Despite energy abundance catching on, resisters like California Gavin Newsom and blue state governors insist their climate agendas will lower energy prices. During remarks at COP30, Governor Newsom tried to tie climate policies to affordability - despite California having the second highest electricity rates and most expensive gasoline prices in the U.S., respectively.
“While climate change may not resonate, I think affordability matters,” Newsom said to the S.F. Chronicle in early November. “When you talk about energy efficiency, you’re talking about saving money."
Net-zero climate policies have already failed to deliver affordability for energy costs. If you examine net-zero phaseouts at the state level, blue states tend to have higher energy and electricity costs. States belonging to the Regional Greenhouse Gas Initiative (RGGI) - mostly blue states in the Northeast - exhibit higher energy costs compared to non-RGGI states, per a new Lawrence Berkeley National Laboratory study. Similarly, states with renewable portfolio standards (RPS) mandating a certain percentage of a state’s energy mix to be renewable saw, on average, 11% to 17% higher electricity rates compared to non-RPS states.

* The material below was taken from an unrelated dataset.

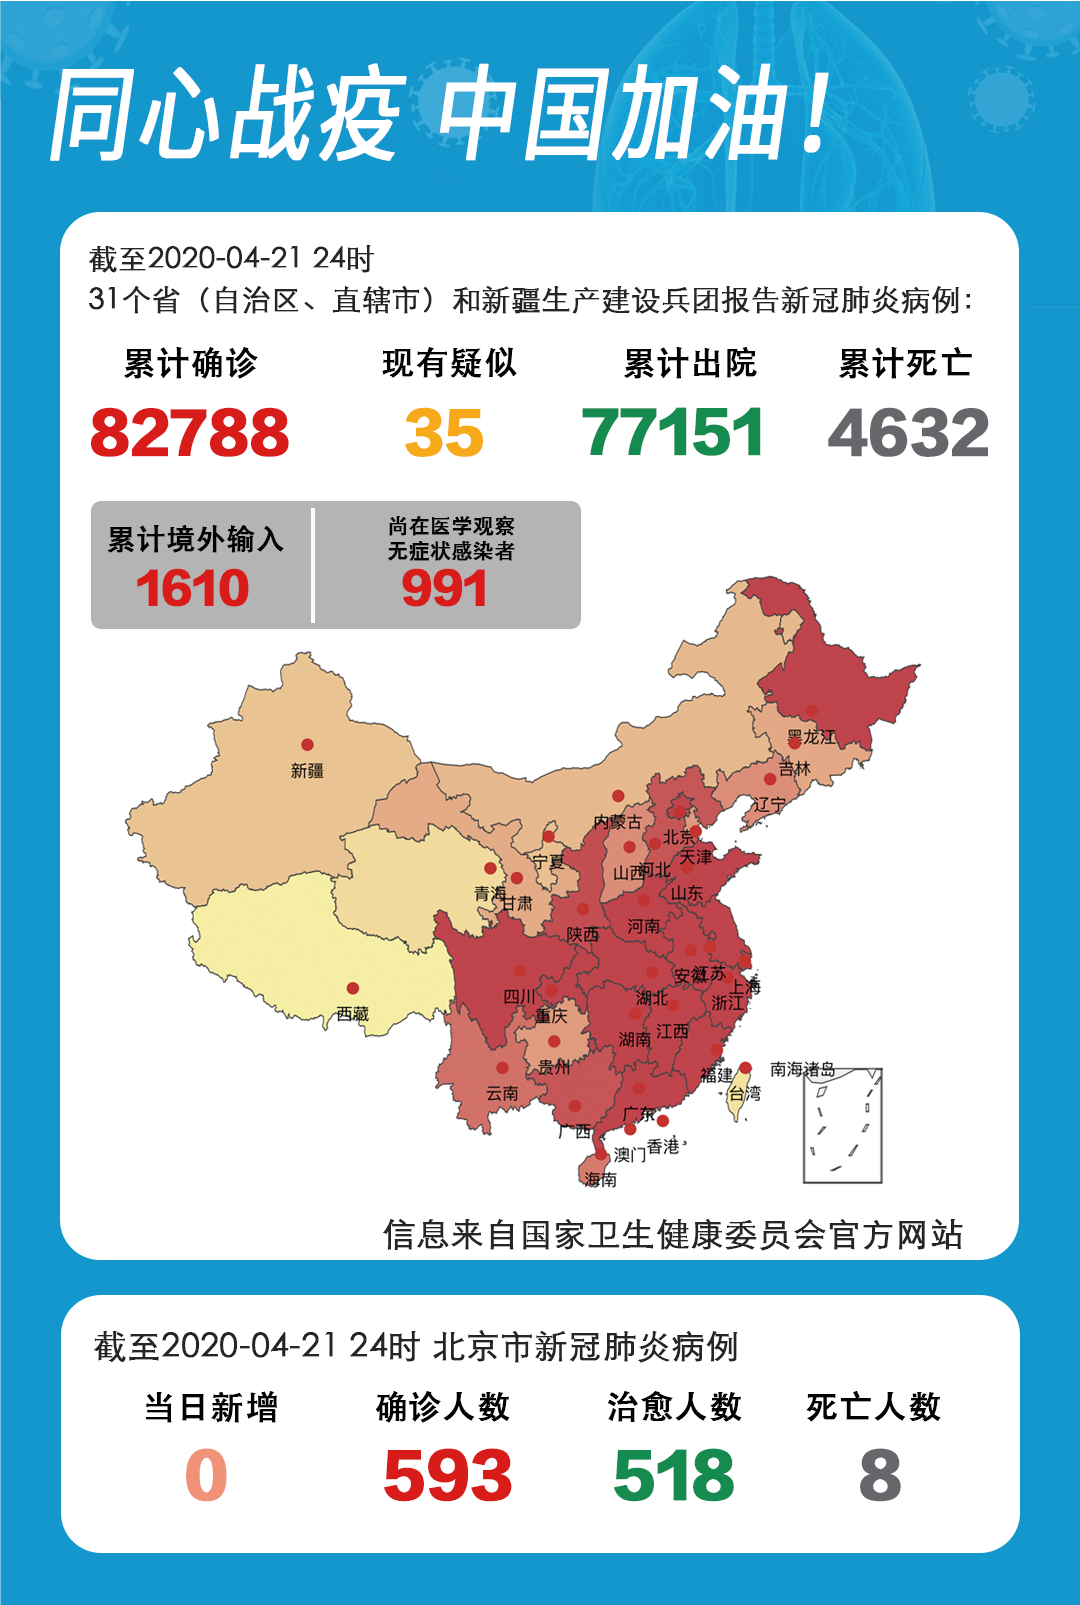 疫情报告昨日本土新增7例全部来自黑龙江北京连续6日无新增

As I laid out in my new Independent Women report titled “Energy Abundance: How America Can Lead the World in Energy Production While Creating a Better, Cleaner Environment,” I outlined how producing more domestic energy will drive economic growth and strengthen our national security interests without destroying the environment.
Abundance calls for maximizing the production and consumption of reliable energy sources like coal, oil, natural gas, nuclear, geothermal and deprioritizing subsidized part-time solar and wind. Intermittent part-time sources receiving decades-long subsidies have not been widely adopted by the grid. Now they must compete in the market. So far, they are unviable without government support. Shocker!

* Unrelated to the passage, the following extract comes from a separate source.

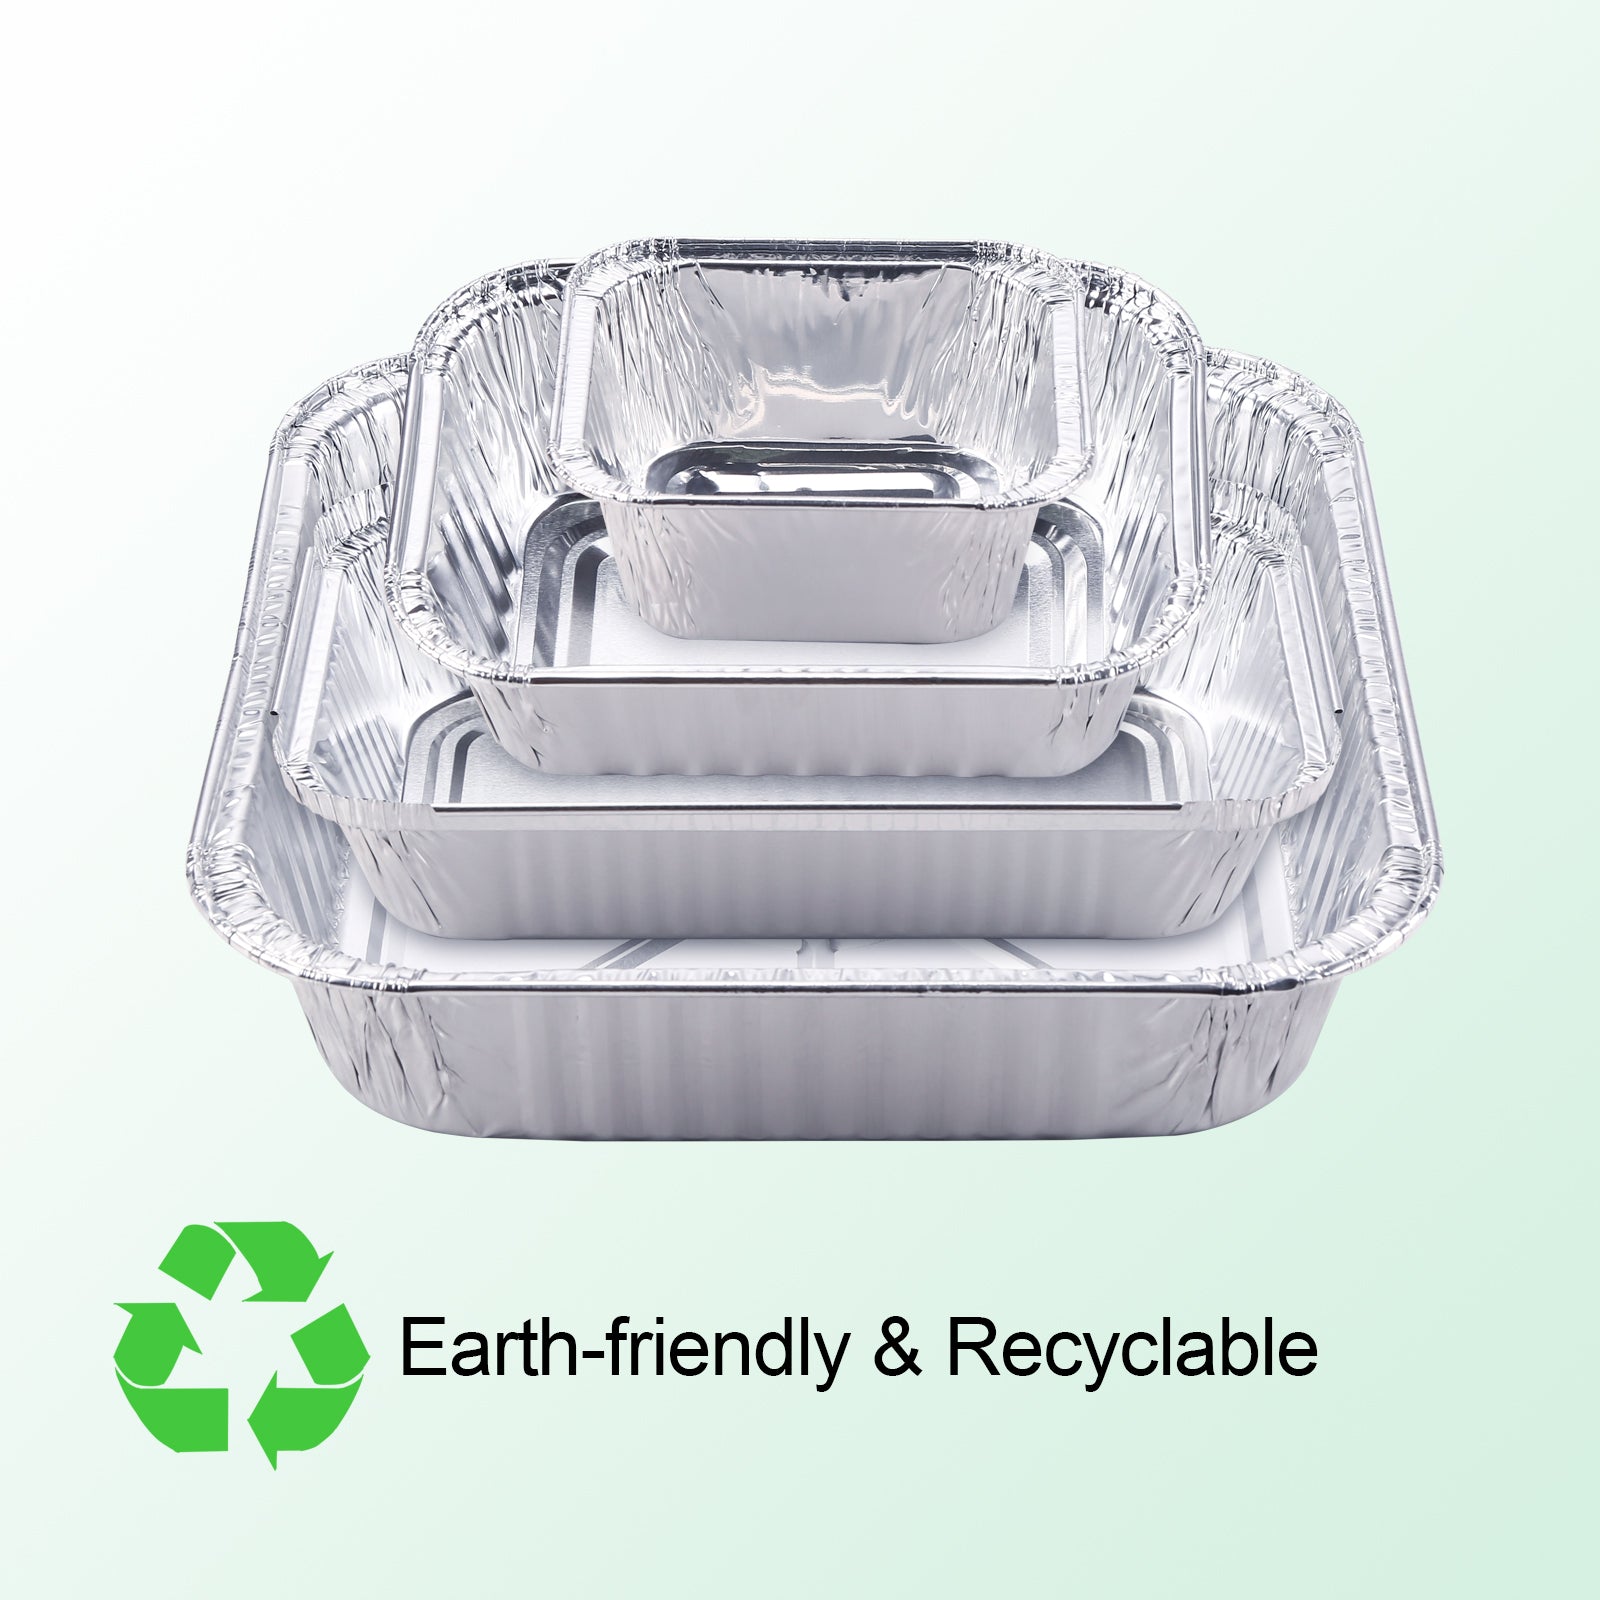 Aluminum Pans, Disposable Foil Steam Table Deep Pans, Tin Pans

Instead of the government picking winners and losers, the free market will once again be the ultimate decider–especially with the advent of energy-hungry artificial intelligence (AI) data centers. Entities that previously peddled 100% renewables jargon have quietly erased or watered down their climate commitments. Instead, they’re now prioritizing natural gas, nuclear, geothermal, and even coal to meet rising electricity demand from AI data centers, air conditioning, technology, manufacturing, and other energy-hungry goods.
Europe–namely, the United Kingdom–is experiencing energy insecurity wrought by net-zero policies. Today, the U.K. has the most expensive electricity costs of any developed nation. Industrial electricity prices increased 124% between 2019 to 2024–or four times that of the U.S. That’s why even former Prime Ministers Boris Johnson and Tony Blair have changed their tune on this climate policy. Even British Labor Prime Minister Keir Starmer is quietly admitting the UK won’t meet its 2030 green targets, as they’re inviting higher prices.

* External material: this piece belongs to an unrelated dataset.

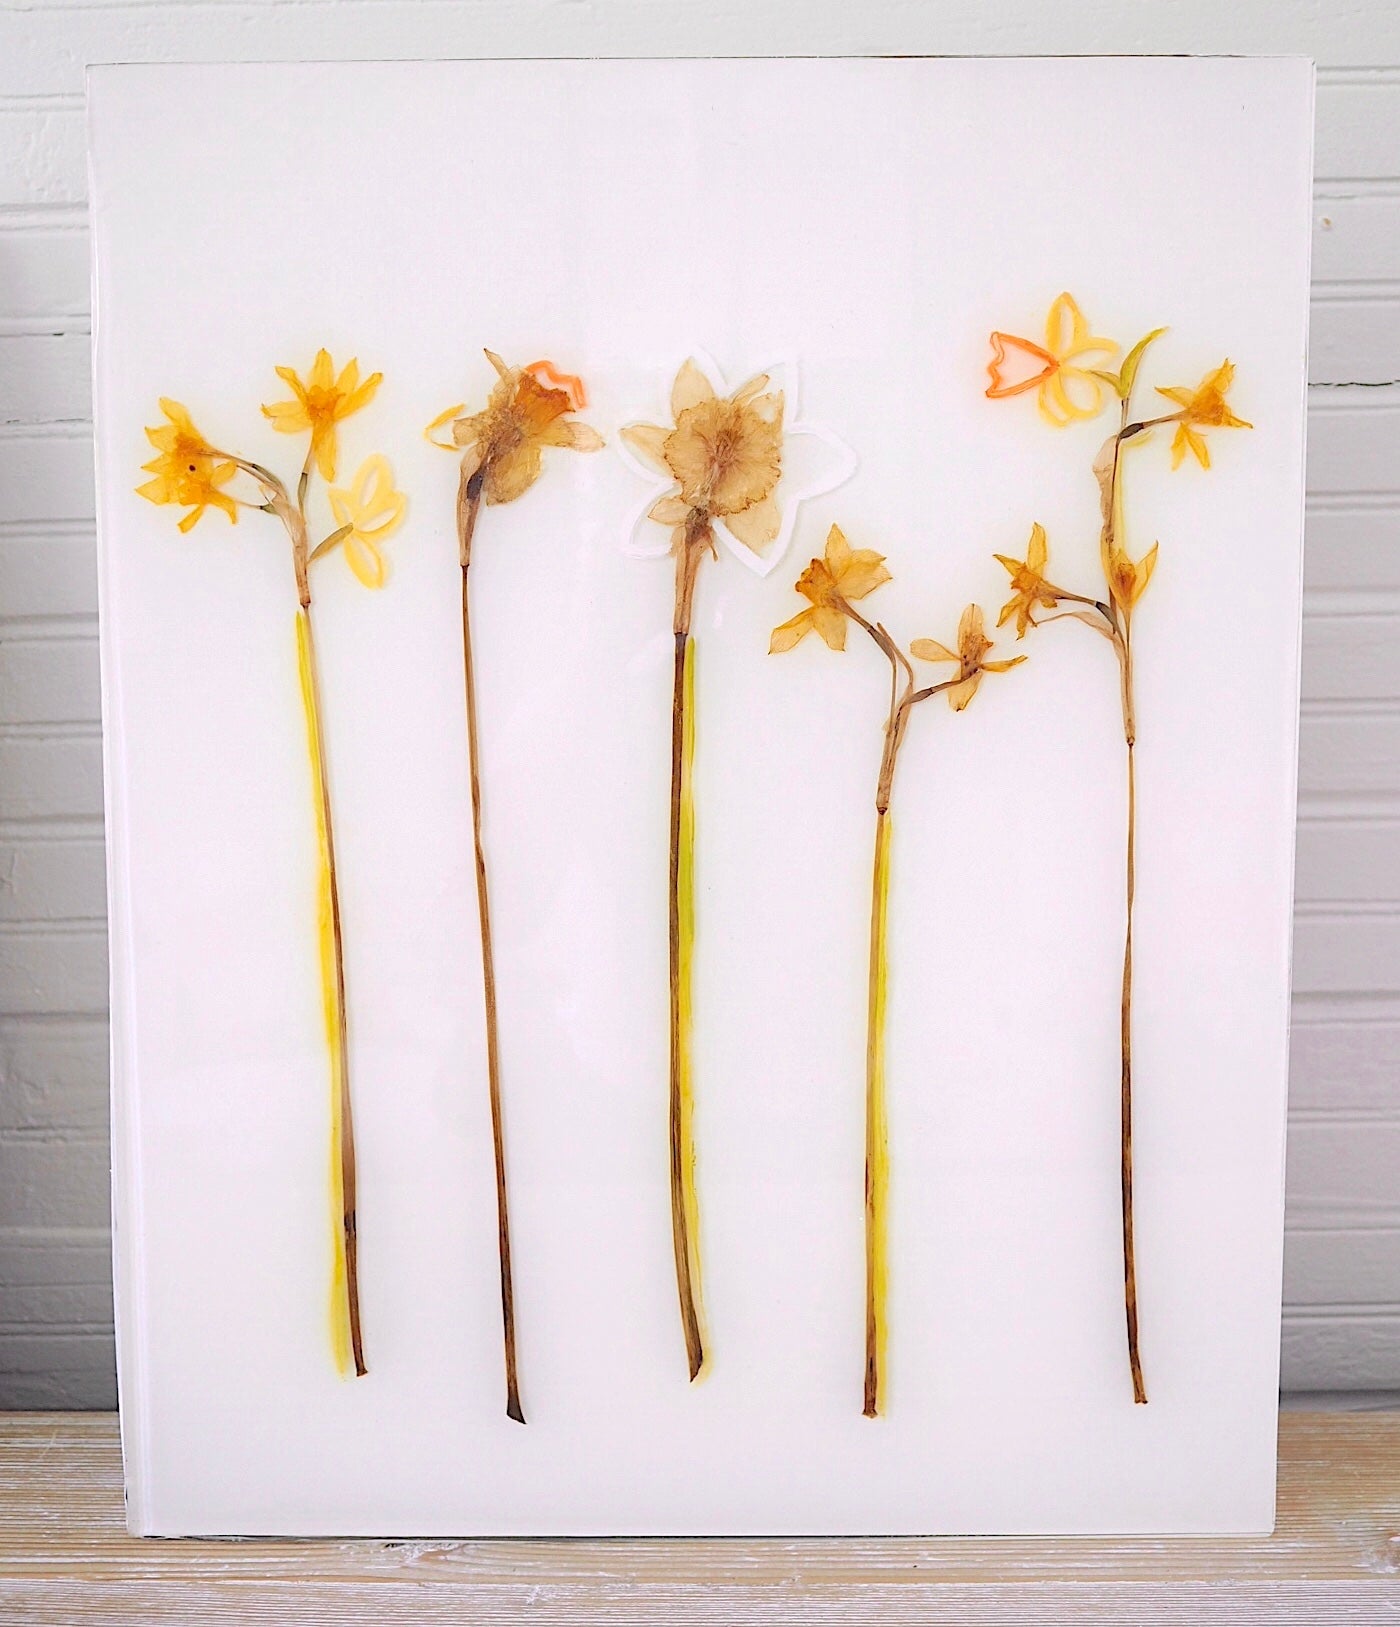 Daffodil Study II

People are rejecting climate policies altogether because it costs an outrageous $215 trillion to lower, at best, an infinitesimal amount of carbon emissions by 2100. Worse, reaching a net-zero target won’t occur until 2400—long after we are all dead. Little environmental gain for lots of economic pain. Ouch.
To our friends outside the USA: liberate yourselves from climate mandates and declare your independence from net-zero. You won’t regret it.